Sad News

Well, during all these happenings, an unfortunate incident happened which literally broke my heart, as I suffered a great loss - my dearest Ammamma (maternal grandmother) passed away on Thursday, 14th of October, early morning, at 12:45am. We lost her to the deadly disease of cancer. She was always there for me since I was born and each moment I spent with her, I treasure fondly. I was hoping she would be alive to attend my wedding, as it is only a month away. But God thought otherwise, and decided to hurt all of us. I simply cannot accept the fact that she is no more as I always believed she will always be there, a witness to every important event in my life. If there was anyone with abundant compassion to every being, it is she. She never even harmed an ant; she would gently guide the ant along a different path, not wanting to kill it. And she was always smiling. I have never ever seen her get angry with anyone - not even her daughters (my mom and my three aunts). She was a strong, brave woman who always encouraged being independent and standing on one' own legs come what may and she was one of the most broadminded individuals of her time, who saw reason in everything and stuck to a practical way of living rather than a life submerged in unreasonable religious beliefs and superstitions. Every time I have stayed with her or she has visited me, she would always make my favorite kozhakattais and elai adais (a dish made with jackfruit poornam). I will always miss her, and no amount of years of her existence would be enough for us.

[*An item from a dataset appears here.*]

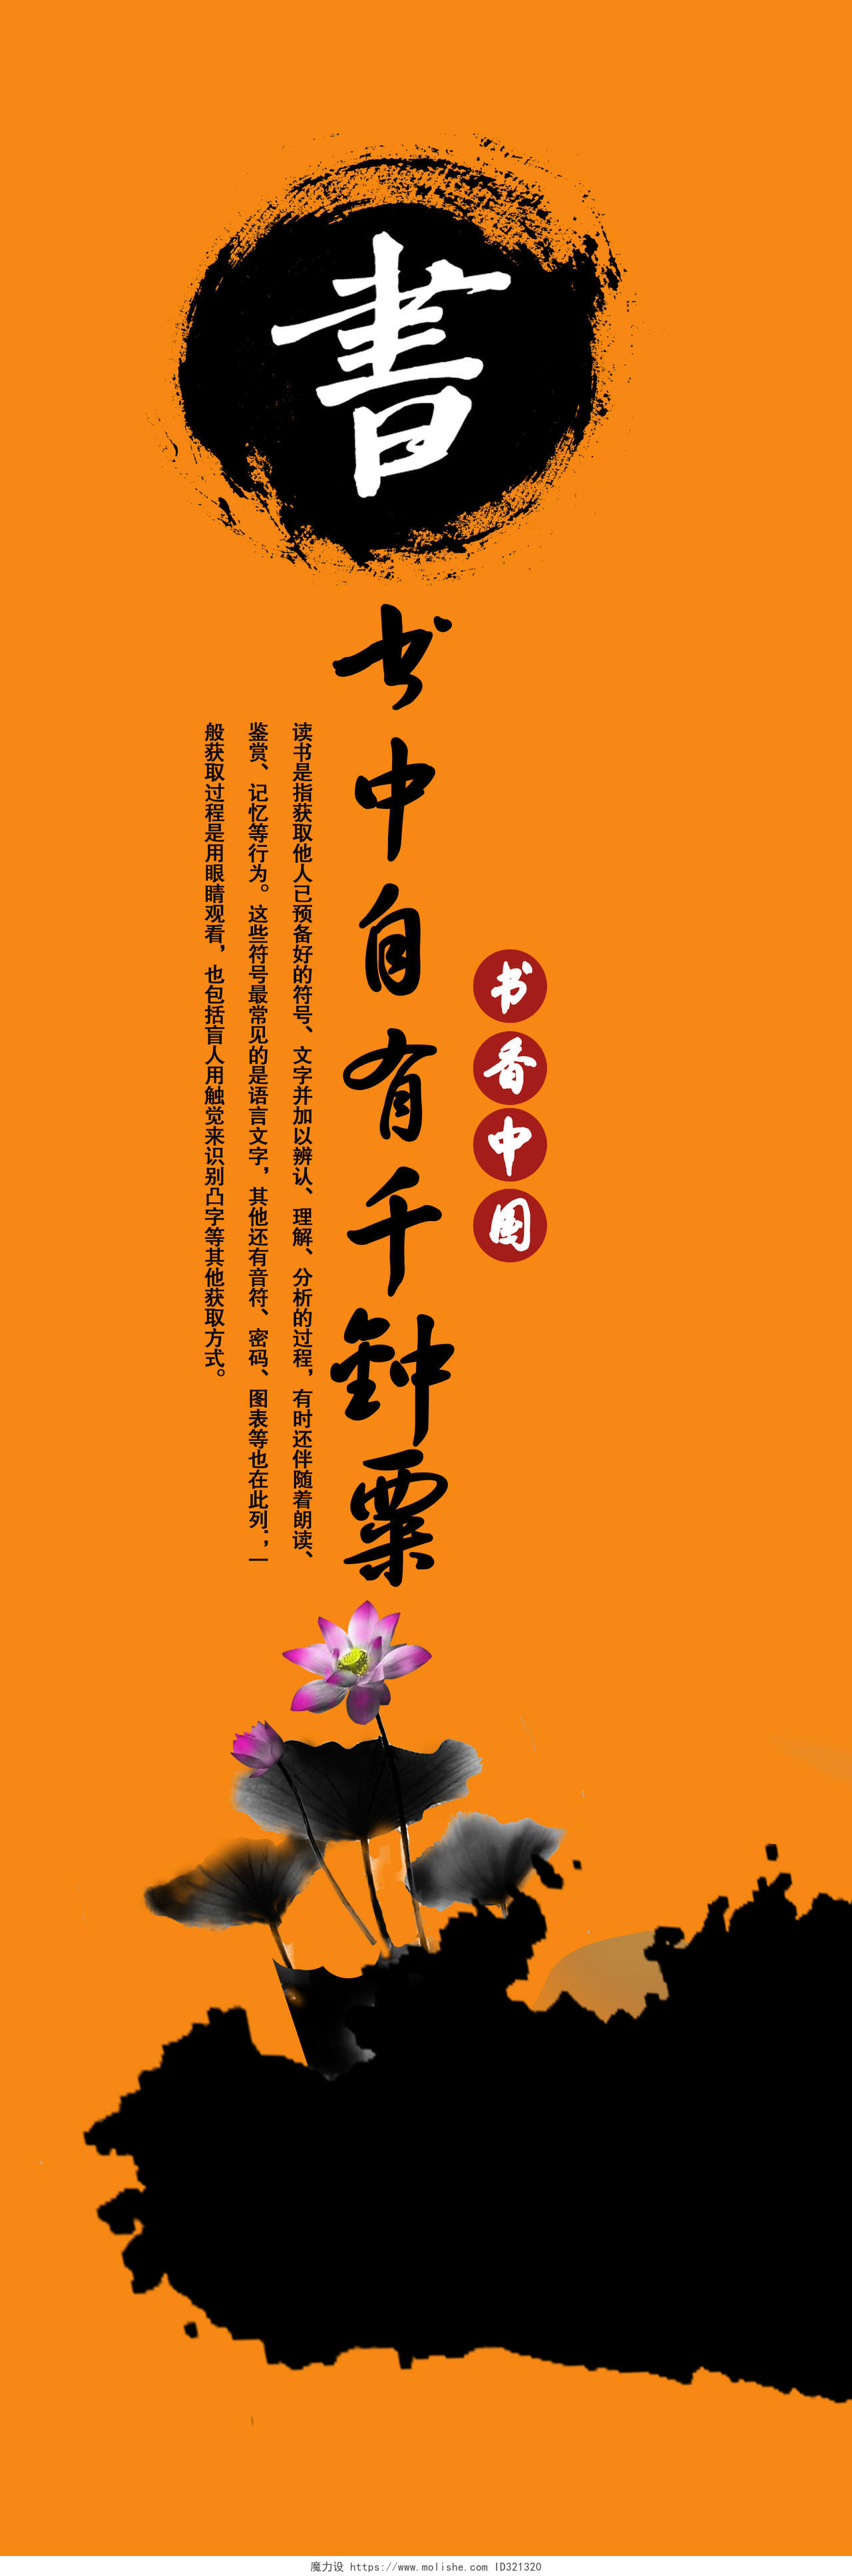 读书分享中国风书香中国梦读书阅读文化4联画挂画海报展板

Ammamma, may your soul rest in peace. We will always miss you. I love you very much, and I wish you were still with us, guiding us and teaching us a lot of important things in life. I wish you had waited just for one more month. :( But atleast you saw all my wedding sarees. But you shouldn't have said that it was almost like seeing the entire wedding after seeing my sarees. :( You should have waited to see the actual event. :(

I love you Ammamma, and you will always be in my heart.
Sweet Kisses to You (Like how you always wrote in letters to us and also said to us over the phone.)